Build with Robust Techniques
The approaches to small data listed above are a great place to start - perhaps you can benefit from transfer learning on another model in a similar domain you’ve already trained that’s giving you good results and then tune it with your small data. For the defect detection example, this would be perhaps another defect detection model you’ve previously trained, as opposed to maybe fine tuning a model trained on MS COCO dataset, that’s dissimilar to your defect detection on conveyor line use case.
Data-centric AI vs.

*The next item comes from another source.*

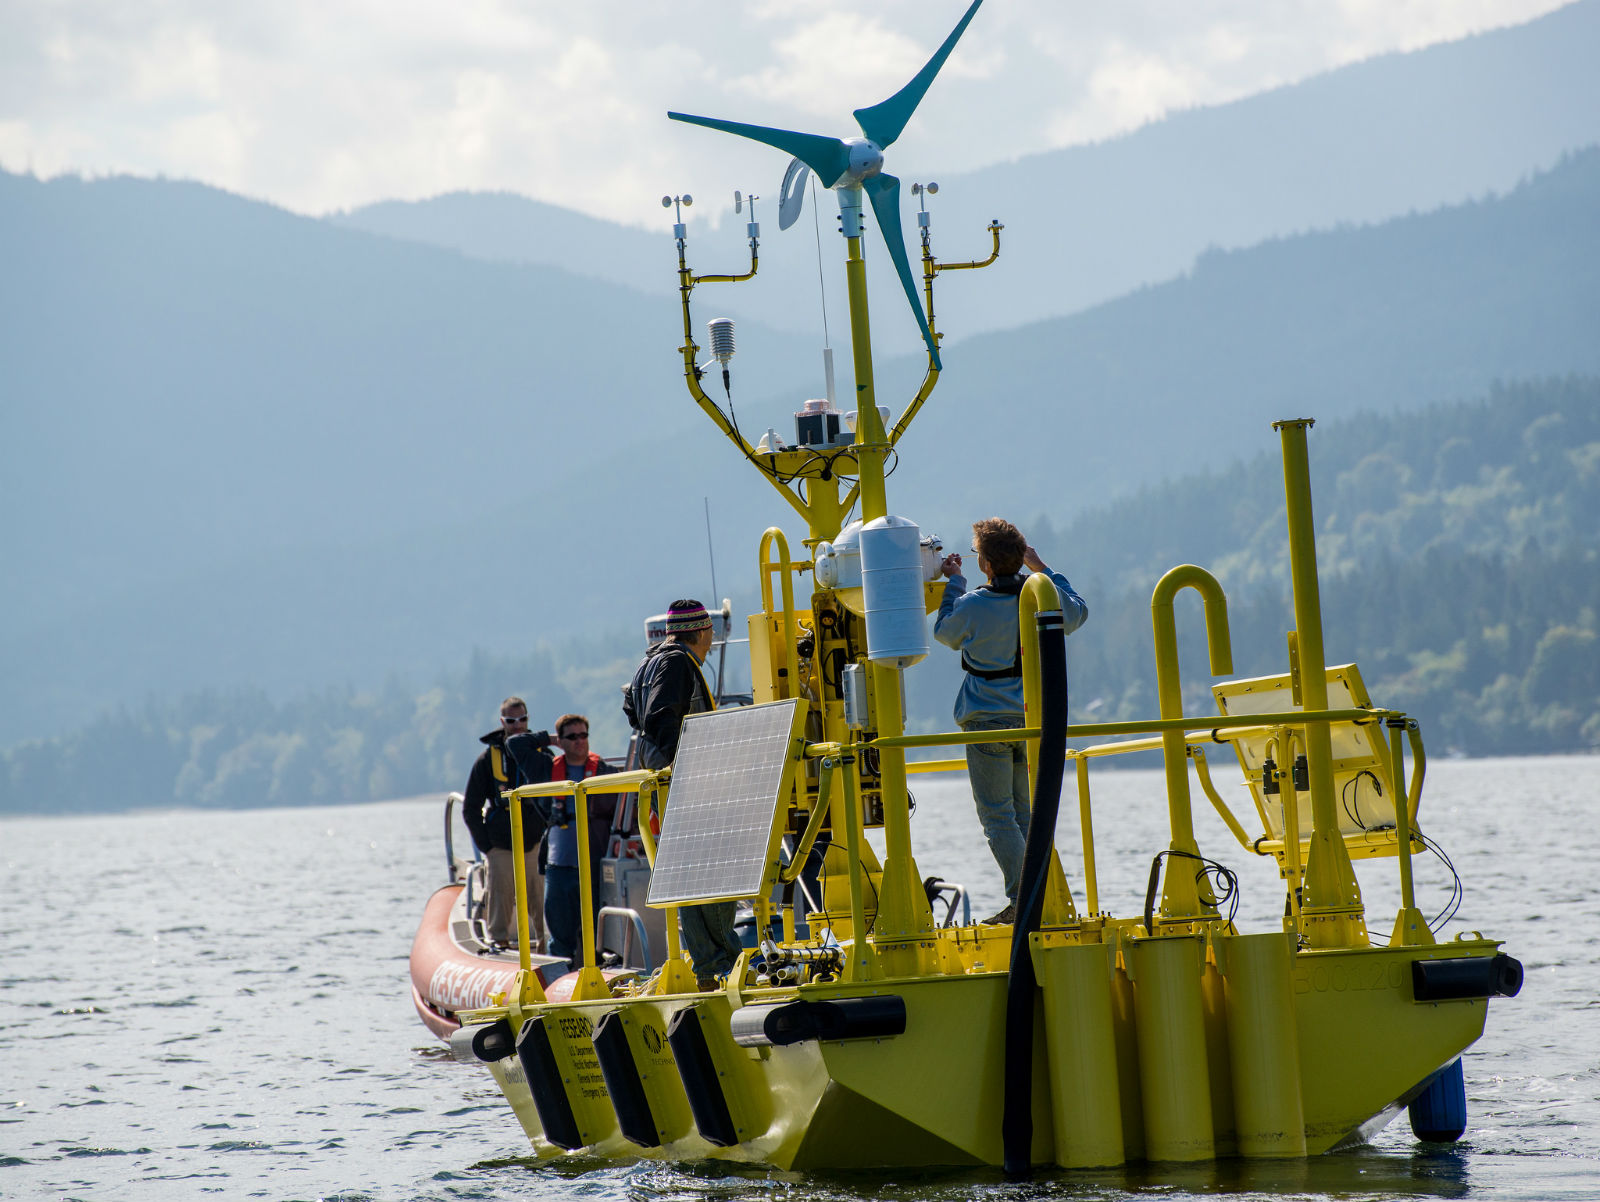 Monster Machines: A Million-Dollar Buoy Will Spot The Best Sites For Wind Farms

Model-Centric AI
The latest learnings from the AI industry show that it is much more impactful to model performance if you find the right data to train it with. Find edge cases, variations, can yield better results instead of training with multiple hyperparameters, different model architectures, or, generally speaking, assuming that competent Data Scientists will “figure it out”. If your defect detection model can’t detect certain types of defect well, invest more in getting more images of that type, instead of trying different model architectures or hyperparameter tuning.
Collaborate with Training Data Experts:
With data-centric AI, you also want to focus your debugging efforts on the data, which the domain experts are better at, rather than the model, which the Data Scientists are good at. Work with the domain experts to identify patterns in the cases where the model is failing and hypothesize why it might be failing. This will help you determine the right data you need to go get. For example, the engineer expert in the object defects can help you prioritize the right data your model needs, cleaning noisy or unwanted data mentioned above, and maybe even point out nuances that the Data Scientist might use to choose a better model architecture.To summarize, think of small data as also being more “dense” than big data. You want the highest quality of data in the smallest possible size of dataset, making it cost effective, and easily usable by one of the approaches above to create your “Champion” model.